My Name Is Nobody Script Jun 2026
If you read the script closely, you realize that Beauregard never wanted to be a legend. Nobody wanted him to be a legend. The script is a tragedy about a fan who forces his idol to perform for the cameras of history.
“You know, for a Nobody, you sure made a lot of noise.”
A mysterious, lightning-fast young drifter who claims to have no name. He is an "ascended fanboy" who idolizes Beauregard and is determined to see his hero go out "in style" by facing the legendary 150-man Wild Bunch Key Script Themes My Name is Nobody (1973): Terence Hill and Henry Fonda my name is nobody script
In addition to its influence on filmmakers, the script has also become a beloved classic among fans of the Western genre. The film's witty dialogue and quotable lines ("You're a friend of Nobody's? Well, that's something to be proud of!") have become ingrained in popular culture.

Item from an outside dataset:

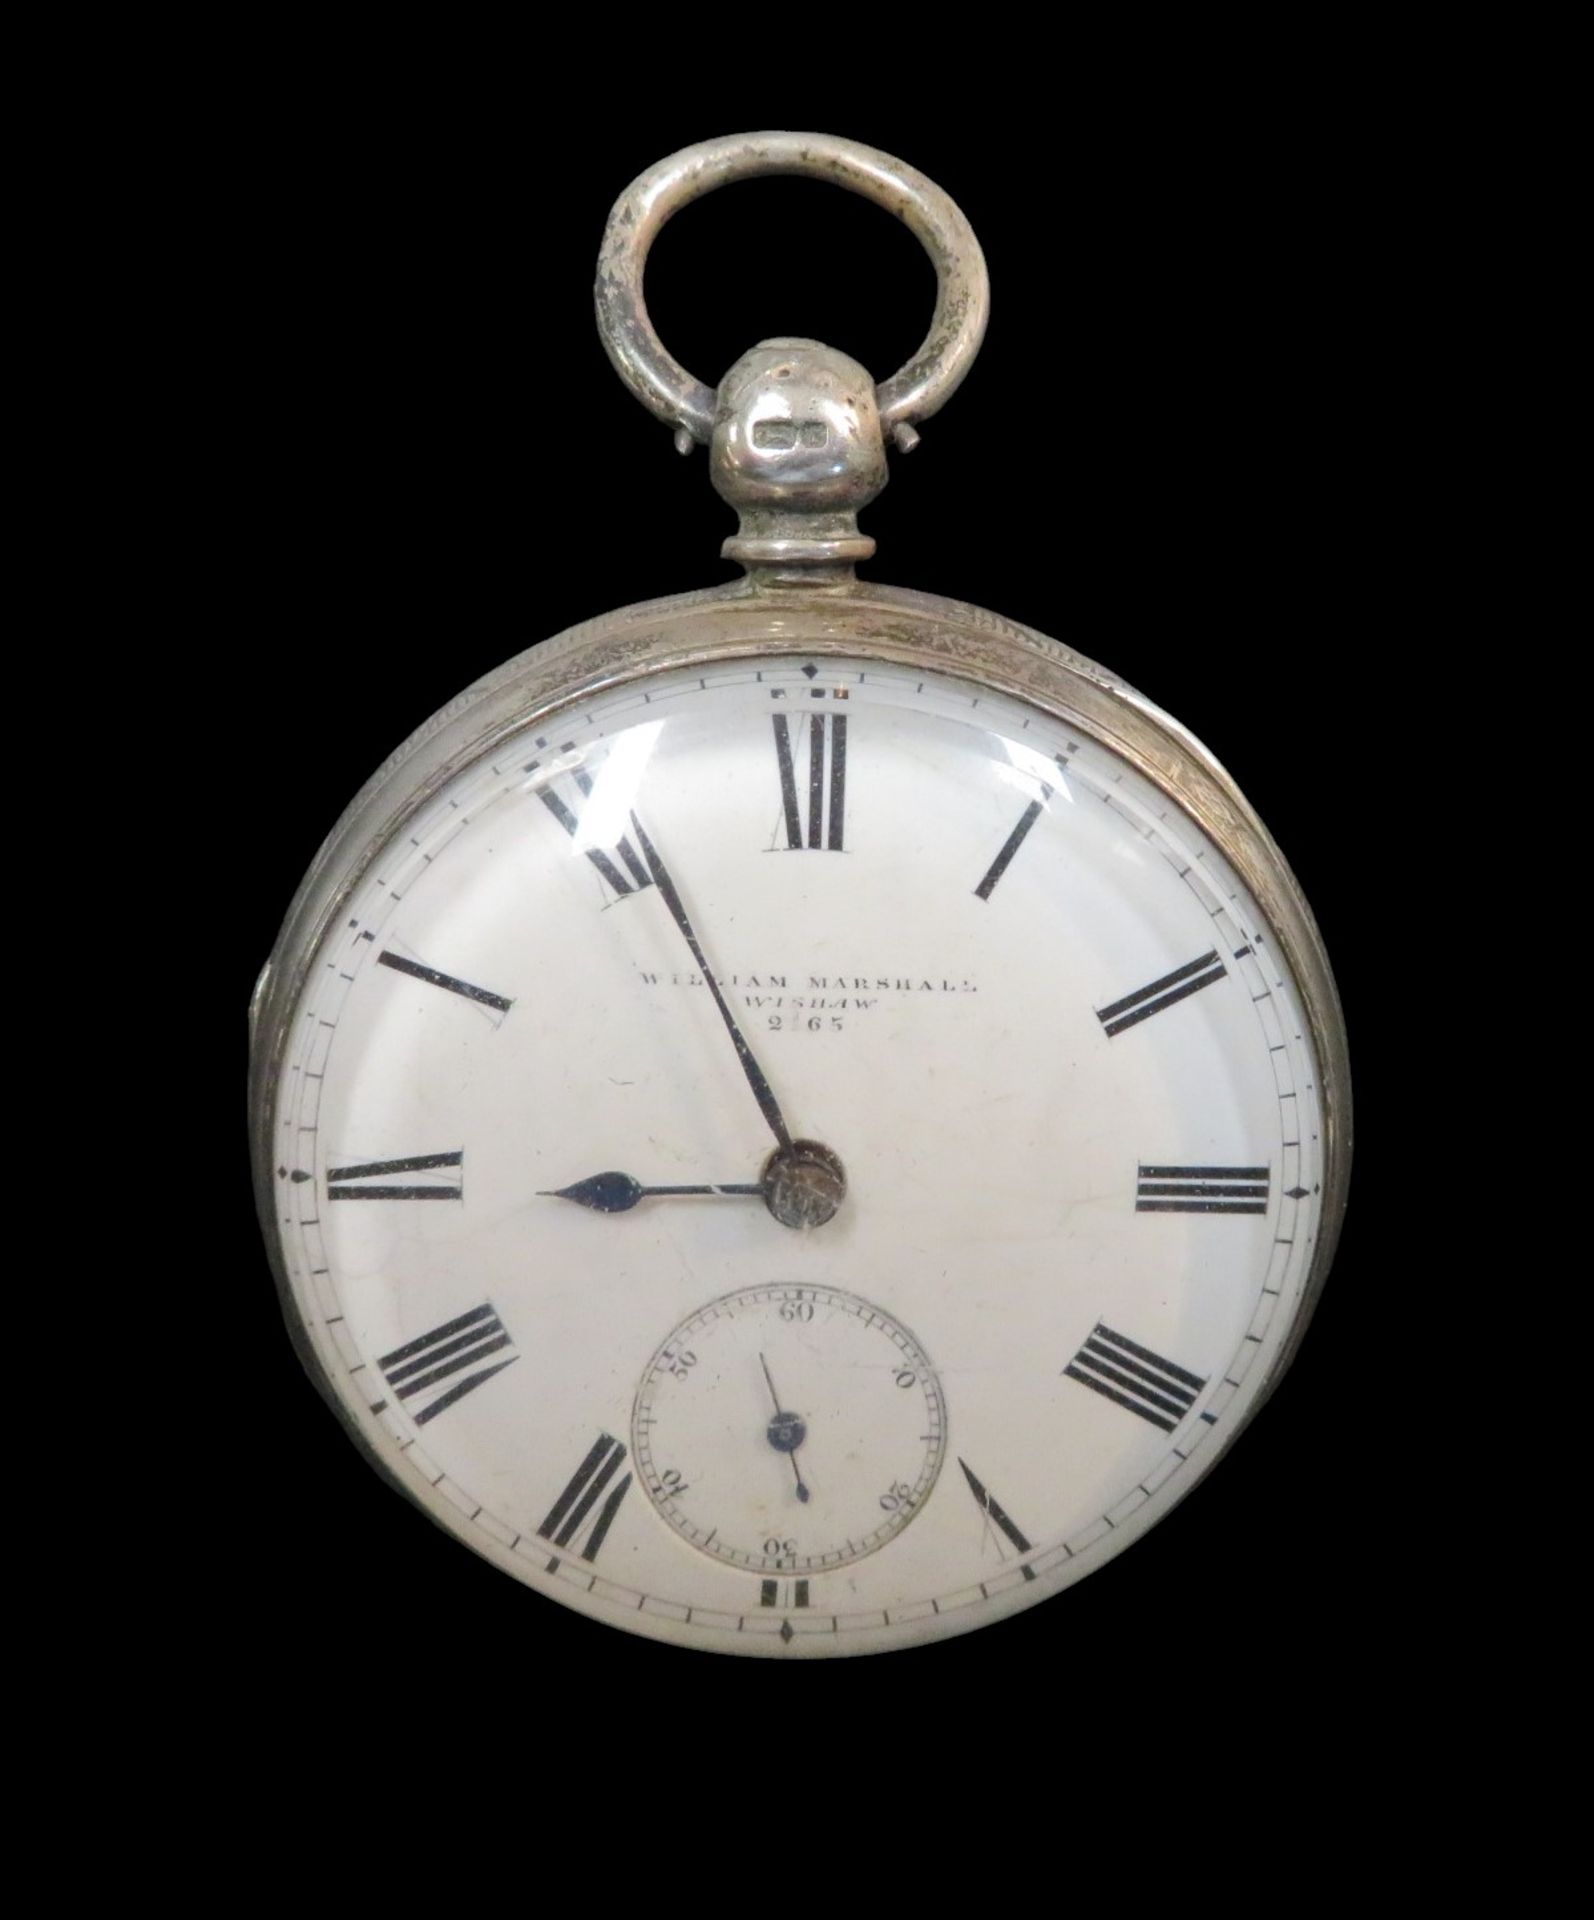 Spindeltaschenuhr, England, William Marshall Wishaw 2165, 18. Jahrhundert, Silber 925/000, punziert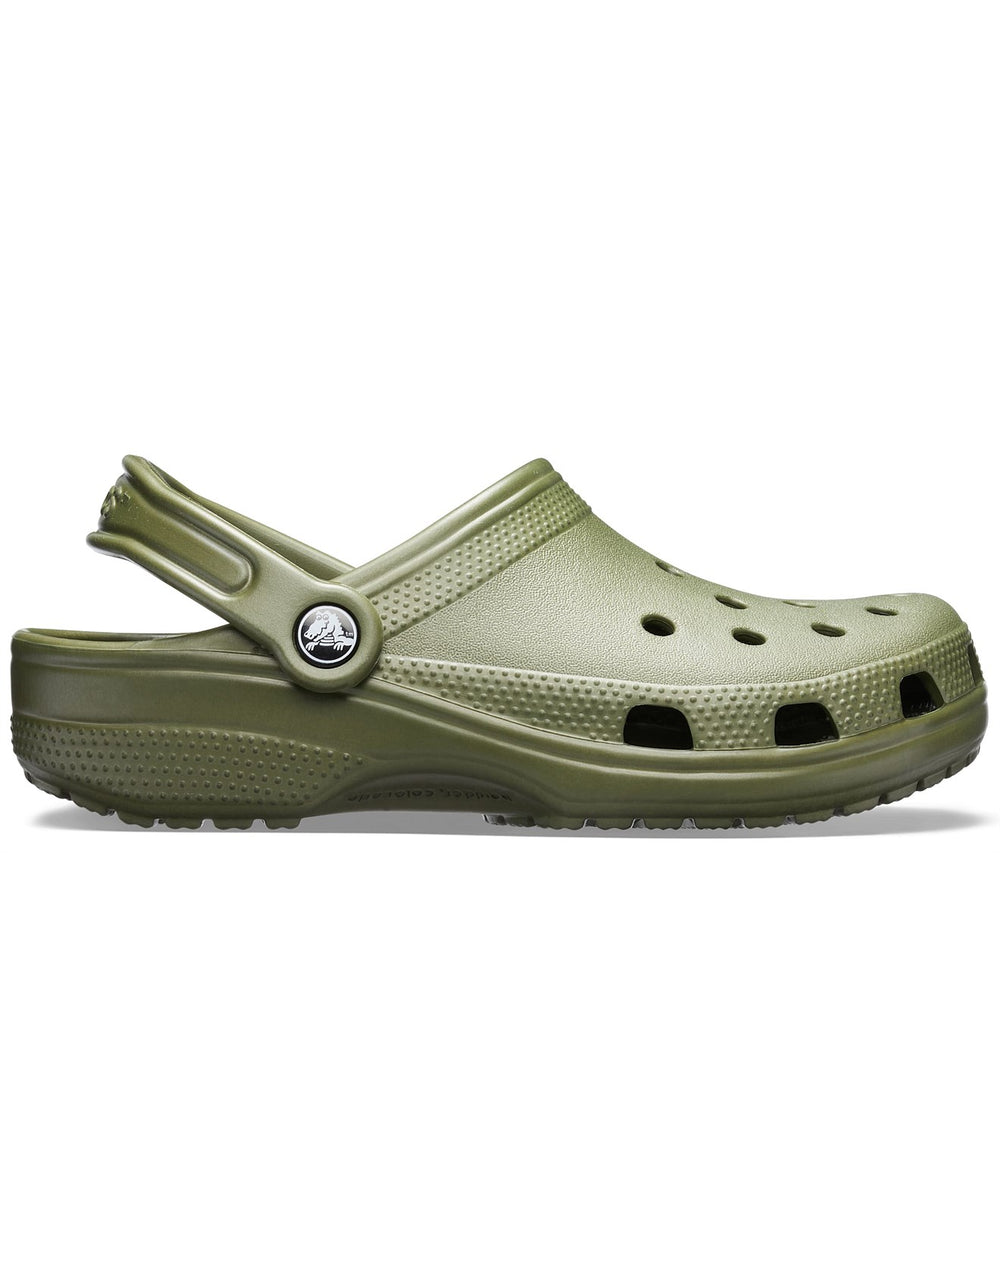 Crocs Classic Clog - Army Green Shoes Crocs

The resulting script is a schizophrenic masterpiece. Leone’s drafts were slow, melancholic, and visually operatic. Corbucci infused the dialogue with farce, pratfalls, and the manic energy of Terence Hill’s character, "Nobody." If you read the script closely, you realize
The script remains a brilliant, flawed, hilarious, and heartbreaking artifact. It tells the story of a man who refuses to be a story. And in the world of screenwriting, where every character needs an arc and a goal, that quiet refusal to participate is the most rebellious act of all.
This ending subverts every Western trope. The hero does not die. He does not get the girl. He runs away. “You know, for a Nobody, you sure made a lot of noise
“You’re insane.”
Screenwriters looking for a model of "meta-commentary" should study this script. It predates Deadpool by forty years. It predates Scream by twenty years. It does not mock the genre; it mourns it while laughing at it.
My Name Is Nobody is a unique hybrid of the Spaghetti Western genre—part homage, part parody, and part philosophical meditation on aging and legacy. The screenplay, written by Sergio Leone (under the pseudonym Bob Robertson) and Fulvio Morsella (story by Leone), subverts traditional Western tropes. It follows Jack Beauregard, an aging gunman who wants to retire, and the titular Nobody, a young, eccentric fan who worships Beauregard and schemes to give him a legendary death. The script is notable for its ironic tone, visual storytelling, and deconstruction of the myth of the Old West.